The Post Type Discovery algorithm ("the algorithm") discovers the type of a post given a data structure representing a post with a flat set of properties (e.g. Activity Streams (1.0 or 2.0) JSON, or JSON output from parsing [microformats2]), each with one or more values, by following these steps until reaching the first "it is a(n) ... post" statement at which point the "..." is the discovered post type.

  1. If the post has an "rsvp" property with a valid value,
  Then it is an RSVP post.
  2. If the post has an "in-reply-to" property with a valid URL,
  Then it is a reply post.
  3. If the post has a "repost-of" property with a valid URL,
  Then it is a repost (AKA "share") post.
  4. If the post has a "like-of" property with a valid URL,
  Then it is a like (AKA "favorite") post.
  5. If the post has a "video" property with a valid URL,
  Then it is a video post.
  6. If the post has a "photo" property with a valid URL,
  Then it is a photo post.
  7. If the post has a "content" property with a non-empty value,
  Then use its first non-empty value as the content
  8. Else if the post has a "summary" property with a non-empty value,
  Then use its first non-empty value as the content
  9. Else it is a note post.
  10. If the post has no "name" property
    or has a "name" property with an empty string value (or no value)
  Then it is a note post.
  11. Take the first non-empty value of the "name" property
  12. Trim all leading/trailing whitespace
  13. Collapse all sequences of internal whitespace to a single space (0x20) character each
  14. Do the same with the content
  15. If this processed "name" property value is NOT a prefix of the processed content,
  Then it is an article post.
  16. It is a note post.

Quoted property names in the algorithm are defined in h-entry.

Summary

Functions

Discover the post type according to the official algorithm.

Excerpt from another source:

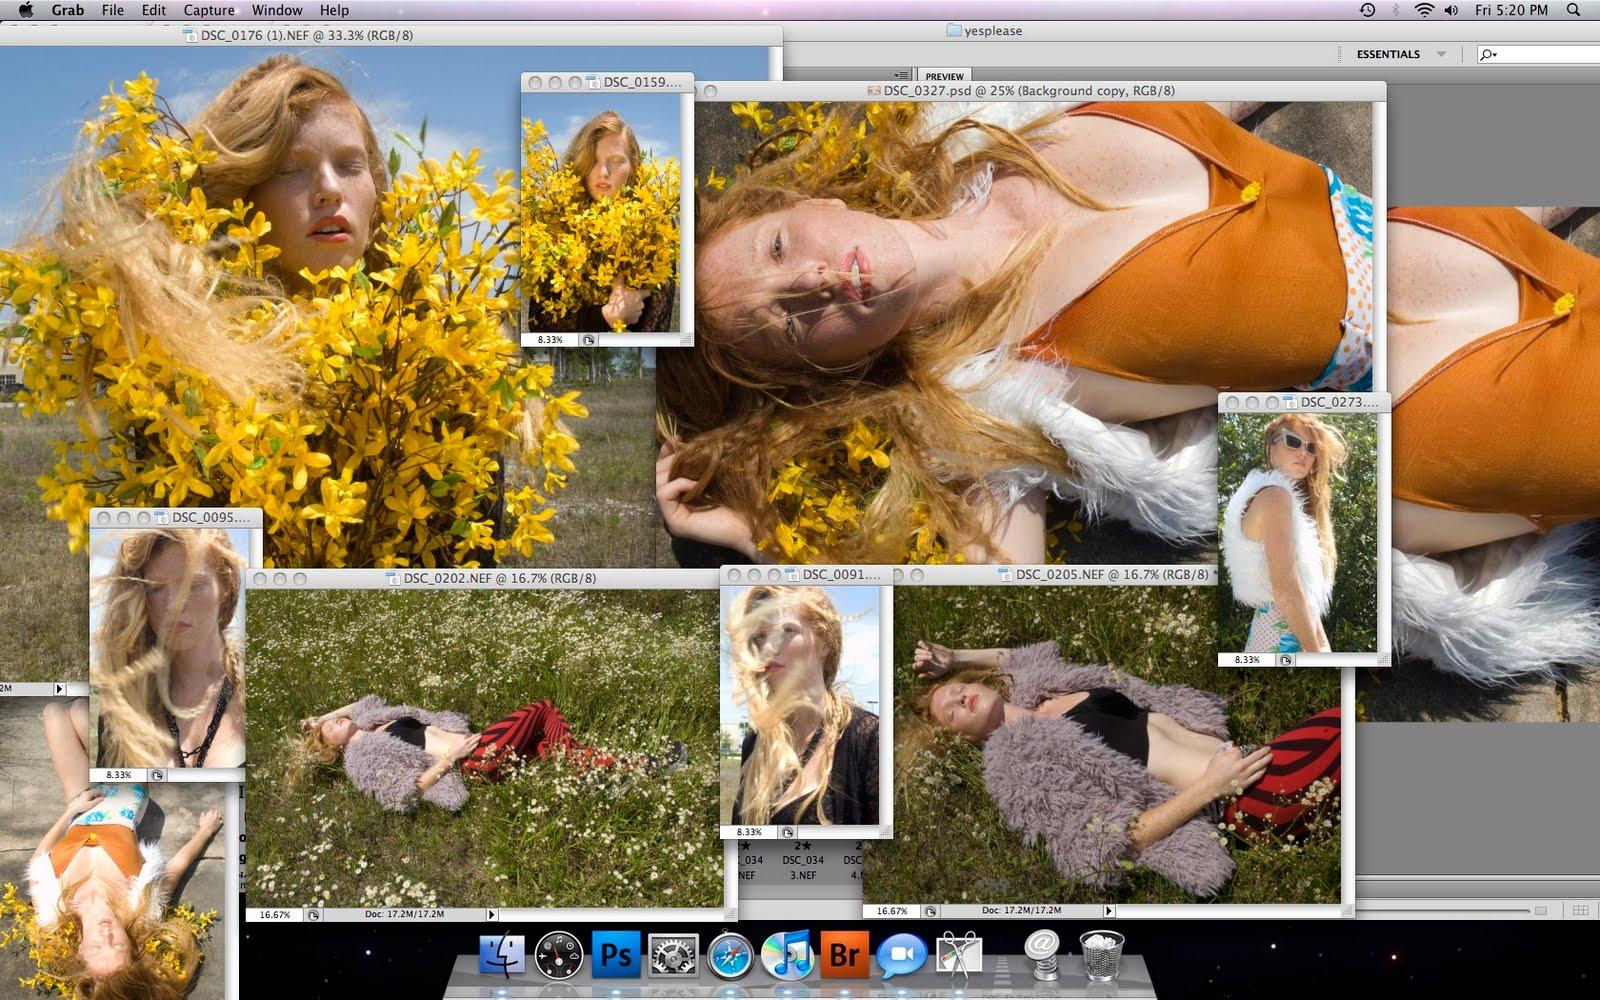 http://4.bp.blogspot.com/_NFXQSBh9eEo/S-6dTXS2mXI/AAAAAAAAA48/Pli5mL1o3X4/s1600/haleyscreen1.jpg
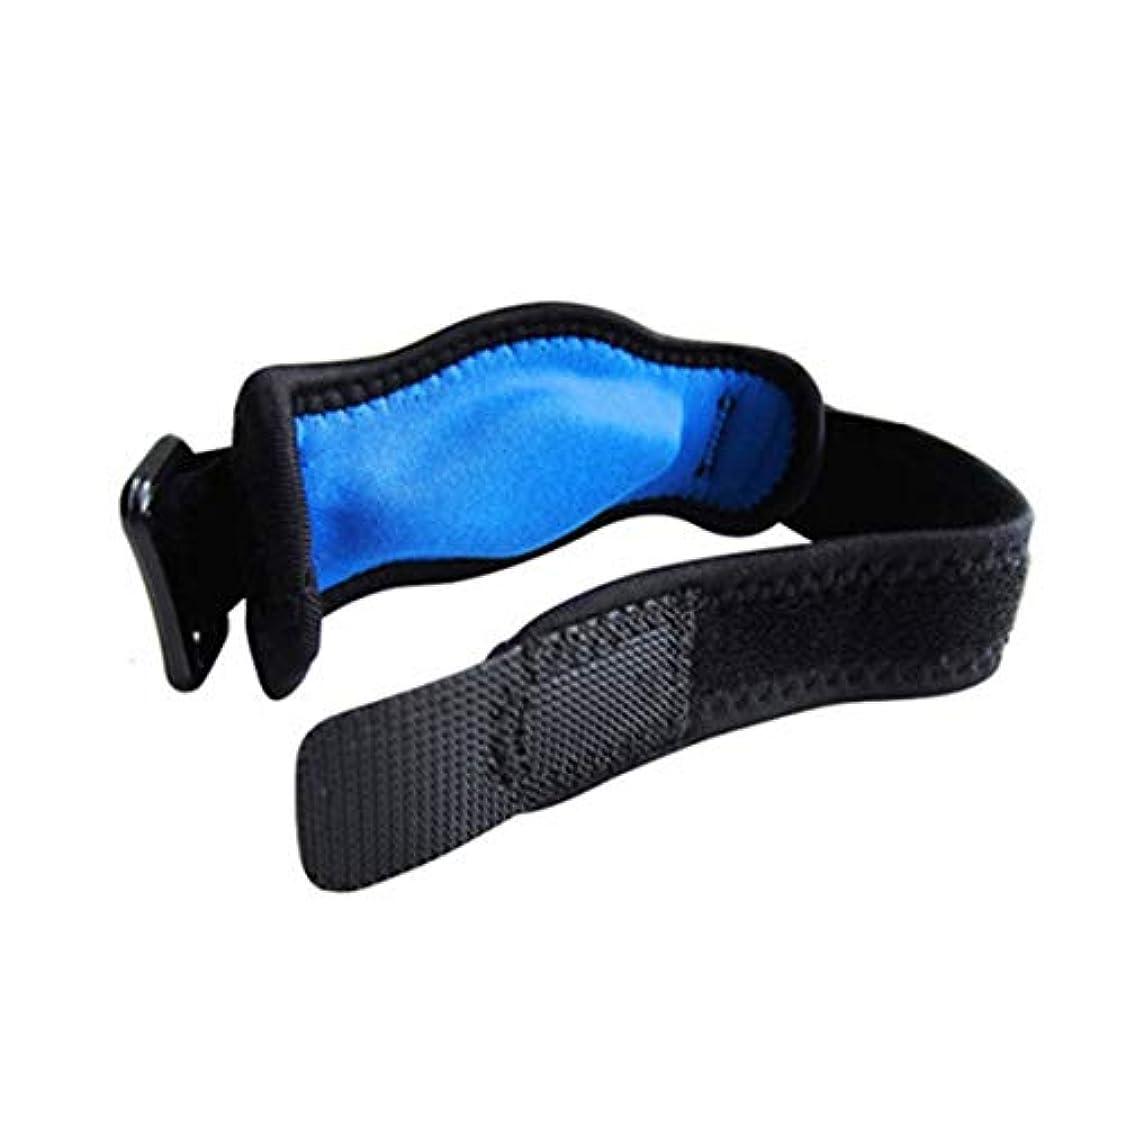 反乱氏依存調節可能なテニス肘サポートストラップブレースゴルフ前腕痛み緩和 - 黒

Can be

Determine whether the name property represents an explicit title.

Types

post_type()

@type post_type() ::
  :note
  | :article
  | :bookmark
  | :rvsp
  | :in_reply_to
  | :like_of
  | :video
  | :photo

Functions

discover(post)

@spec discover(any()) :: post_type()

Discover the post type according to the official algorithm. Can be:

  • :note
  • :article
  • :bookmark
  • :rvsp
  • :in_reply_to
  • :like_of
  • :video
  • :photo

name_is_title?(name, content)

@spec name_is_title?(String.t(), String.t()) :: boolean()

Determine whether the name property represents an explicit title.

see one python implementation because the official algo explanation is not clear at all (to me). I took documentation (and unit tests) from it:

Typically when parsing an h-entry, we check whether p-name == e-content (value). If they are non-equal, then p-name likely represents a title.

However, occasionally we come across an h-entry that does not provide an explicit p-name. In this case, the name is automatically generated by converting the entire h-entry content to plain text. This definitely does not represent a title, and looks very bad when displayed as such.

To handle this case, we broaden the equality check to see if content is a subset of name. We also strip out non-alphanumeric characters just to make the check a little more forgiving.